Flint
Louis L'Amour's Flint
James T. Kettleman is dying, and decides to return to the West where he was raised in order to die alone rather than staying in New York with his wife who is actually trying to have him killed. He adopts the name of Flint in honor of the man -- an outlaw -- that took him in when he was an orphan and raised him in the spirit of the West, teaching him about guns, life, and death. On his way out West Flint meets Nancy Kerrigan who must defend her land, bought and passed down by her father, from the encroachment of the crowds coming out to the now-developing West. Flint ends up helping her in this endeavor, using his skill with a gun and his willingness to face death -- something that he is coming up against soon, anyway -- to save her farm and to avenge the death of his benefactor, the original Flint. In the end, the new Flint dies, too, but after finding and helping a true love.
Plot Chart
Exposition: James T. Kettleman is dying; Nancy Kerrigan is young, beautiful, and in trouble, and Kettleman clearly knows how to use a gun.
Rising action: Nancy's land is in jeopardy; men are after Kettleman (Flint) trying to kill him; Flint decides to help Nancy.

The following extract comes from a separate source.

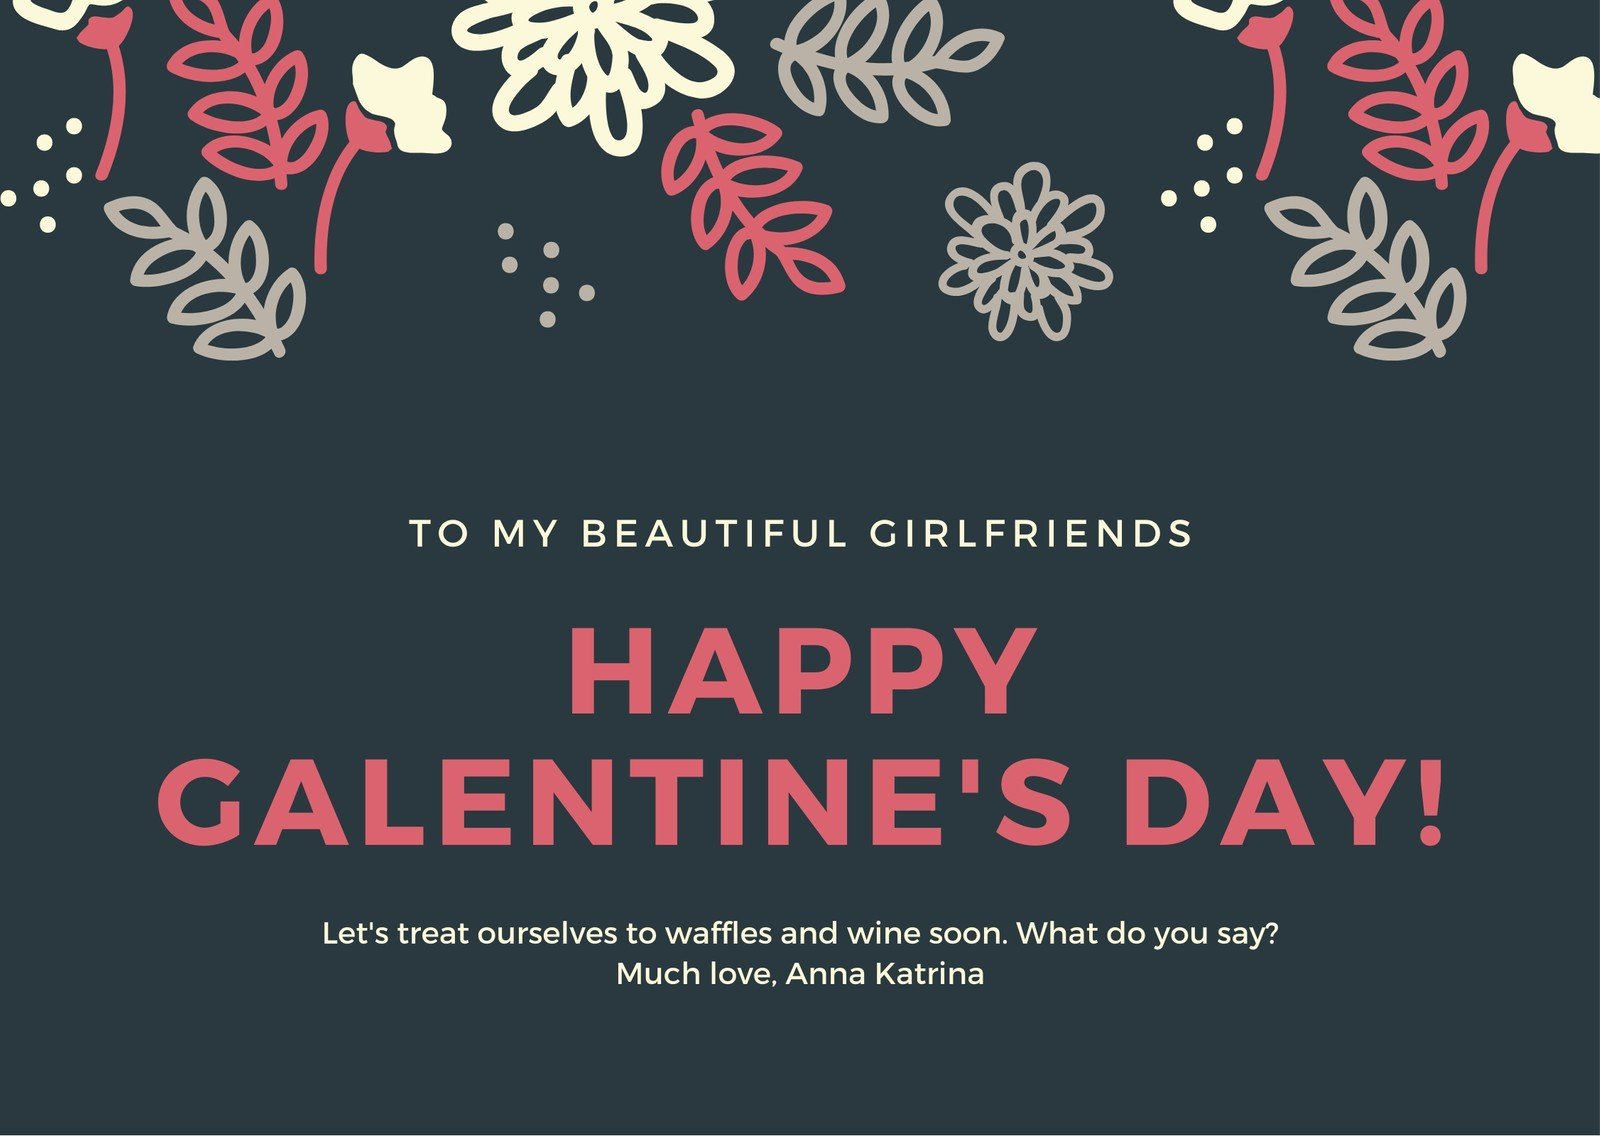 copy-of-galentine-s-day-invitation-template-postermywall

Climax: the series of gunfights in town where a large number of people are killed.
Falling action: Nancy and Flint meet for the last time, the few remaining bad guys slink off, Flint is wounded.
Resolution: Nancy land is safely in her hands (for now), Flint's wife is left frustrated in her designs, and Flint ultimately des, though not alone as he had planned.
Point-of-View
The novel is told from a third-person omniscient point-of-view, which allows the motives and secret thoughts of any and all characters to be made explicitly clear to the reader at any time. This is a highly effective way of telling the story because it makes the emotional and intellectual impact and intention of ach moment quite clear, allowing the reader to see how different characters interpret and react to the same situation. It also makes each of the characters appear far more human, because the thought processes, confusions, uncertainties, and misconceptions that lead to what might otherwise appear to be incongruous actions are clearly laid out. With these explanations, the manners in which situations are reacted to and the depth of the emotive values and motivations that exist in the story become much more clearly known.
Setting
It would be impossible to tell this story in any other setting, just as it would be impossible to transpose any other Western to a different time and place. Nowhere else in human history has an undeveloped wilderness been so directly and closely juxtaposed to a major developing power; even the arrival of Europeans in the New World took place at a different pace and in an altogether different spirit. The Wild West was a time/place where laws did exist, but they didn't exactly matter; and where the luxuries of developed society could be found and obtained but where they were frowned upon by many. The setting is full of these contradictions, and this enhances the apparent contradictions in many of the characters, as well.
A New Beginning
James T. Kettleman walked calmly through the streets of New York, his lean stomach slowly digesting the news that had quietly penetrated the brain lying beneath his straw colored hair. Dying. Hell, he had been dying since he was born, he supposed, but the news he just received form his doctor and friend made it seem a lot more real than it had at any other point in his life. Not that death hadn't seemed real before. He had seen plenty of death, and had been at the causal end of this effect for many others that had crossed his path in the wrong way. But his own death -- now, that was something else. Not scary, exactly, and not even really worrisome, but it certainly seemed to put things in a different perspective. He had always known that life was a finite thing, but now he could actually see its limits, and he was always a man that liked to investigate the strange things he saw.
The Lost Scene
The man behind the iron bars looked at Kettleman strangely, mostly because Kettleman seemed a little strange himself. In a shaky voice, the old man in the government issued uniform asked him, "Where you going, mister?" "West," came the rather mysterious reply. The old man didn't like the way Kettleman said this, and wasn't really sure what to do with this rather general piece of information, but the pile of money that was smacked down on the counter in front of him told him not to make anything of it. He printed the train ticket and handed it over, thinking that this transaction was far less interesting than it had appeared at the outset.
Chapter Summaries
1: The history of James T. Kettleman and his fortune is revealed as the man makes his way back West to die.
4: Kettleman reflects on his time with Flint, learning the roads and ways of the West, and also exhibits signs of his illness.